I don't use Outlook but the older netscape it you address the to: to yourself and then BCC: the rest I think it may show up the way you want. But I am not sure so hang on because alot of others here will know.


----------



## Galleherjazz (Sep 24, 2002)

I tried to upload a picture of the e-mail where the "To" line was blank. It appeared to go through, but it didn't post. I see the option here, but my question is, can we upload photos and files on this forum?


----------



## Galleherjazz (Sep 24, 2002)

Here is the e-mail with the blank "To" line.


----------



## hewee (Oct 26, 2001)

I see you got it to work.

Attach file:
Maximum size: 204800 bytes
Valid file extensions: gif jpg png txt bmp jpeg


----------



## Galleherjazz (Sep 24, 2002)

Check THIS out!!

The puzzle continues:

Here is what I have discovered so far:

If I put my address, along with other recipients' addresses, only in the "Bcc" box and nothing in the "To" box or the "Cc" box, I get a letter with my address in the "To" box. I DO NOT WANT THIS!

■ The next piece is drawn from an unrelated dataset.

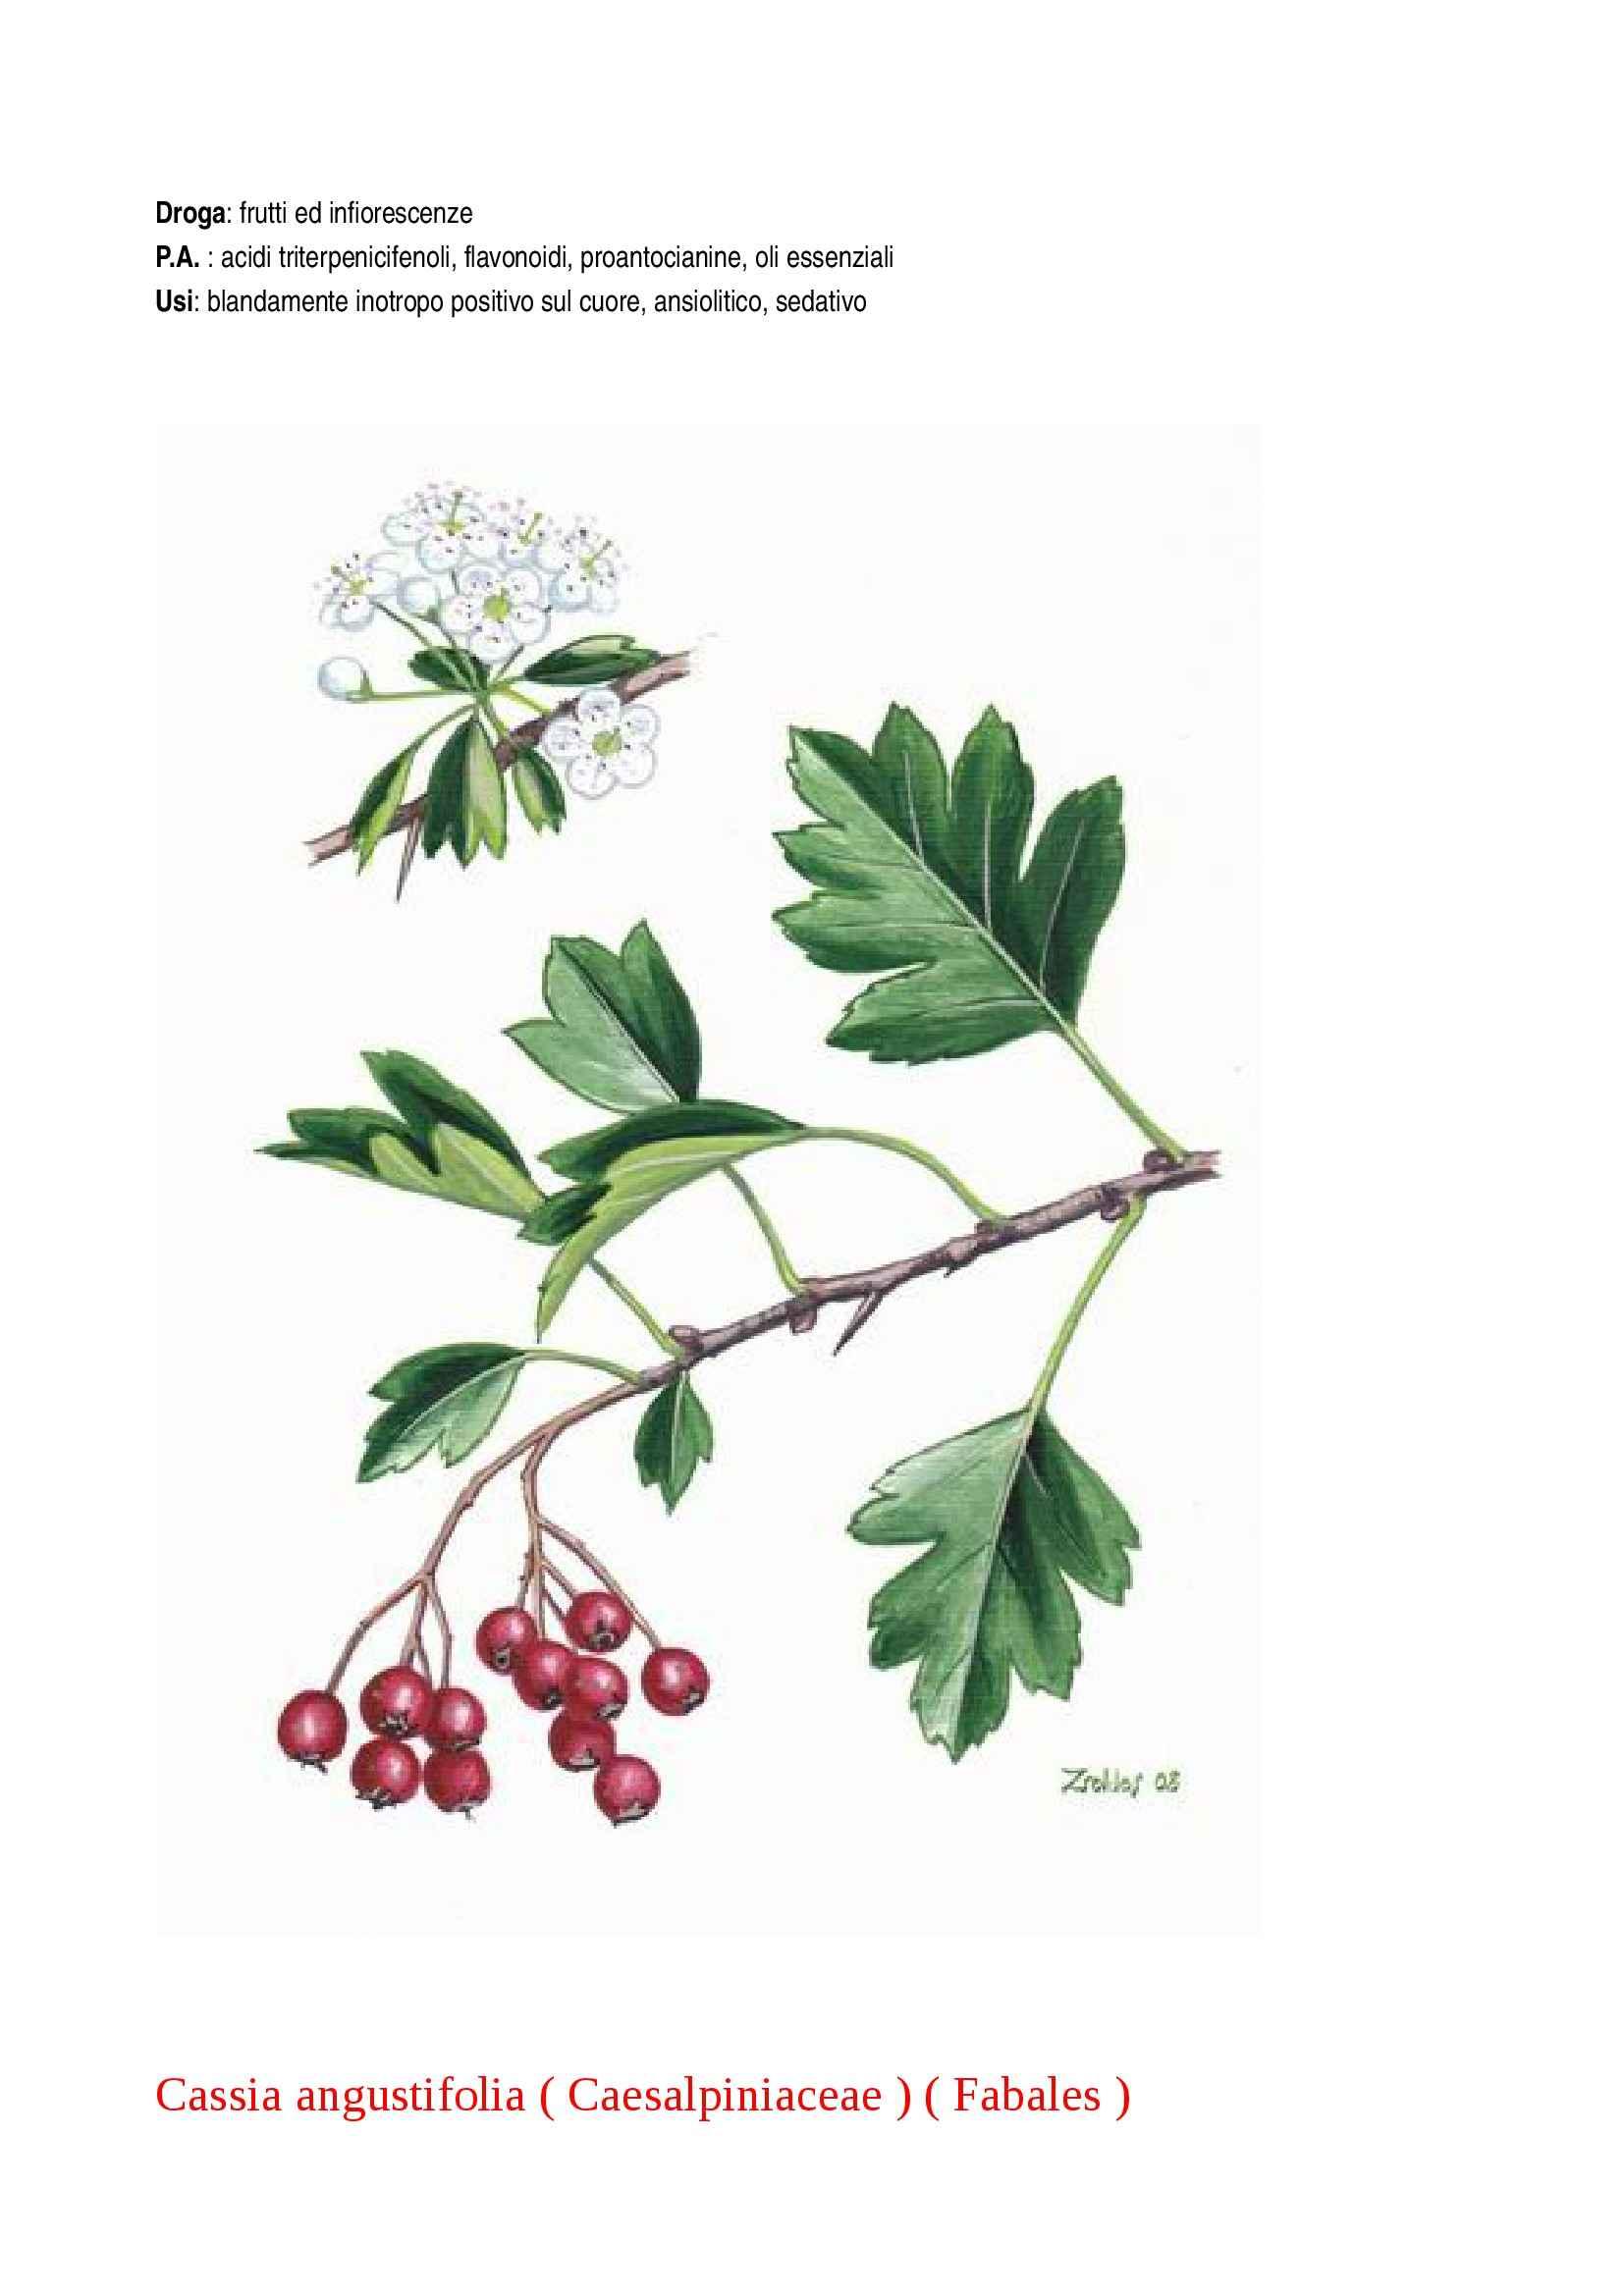 Botanica farmaceutica Pag. 31

If I put another recipient's address in the "Cc" box and my e-mail address in the "Bcc" box, THEN I get a blank "To" box!
BUT...the "Cc" box will, of course, announce the recipient of the copy!  I DO NOT WANT THIS EITHER!

My desire is to compose an email in which ALL recipients' names are hidden, including the main recipient and all blind copy recipients! In other words, I want all names, including the recipient who receives the email to see no name in any recipient panels!


----------



## jjb (Dec 9, 2001)

Dunno why this is so important to you but that is not my business. I am still interested on how this is done and what the pupose is........more curiousity then anything.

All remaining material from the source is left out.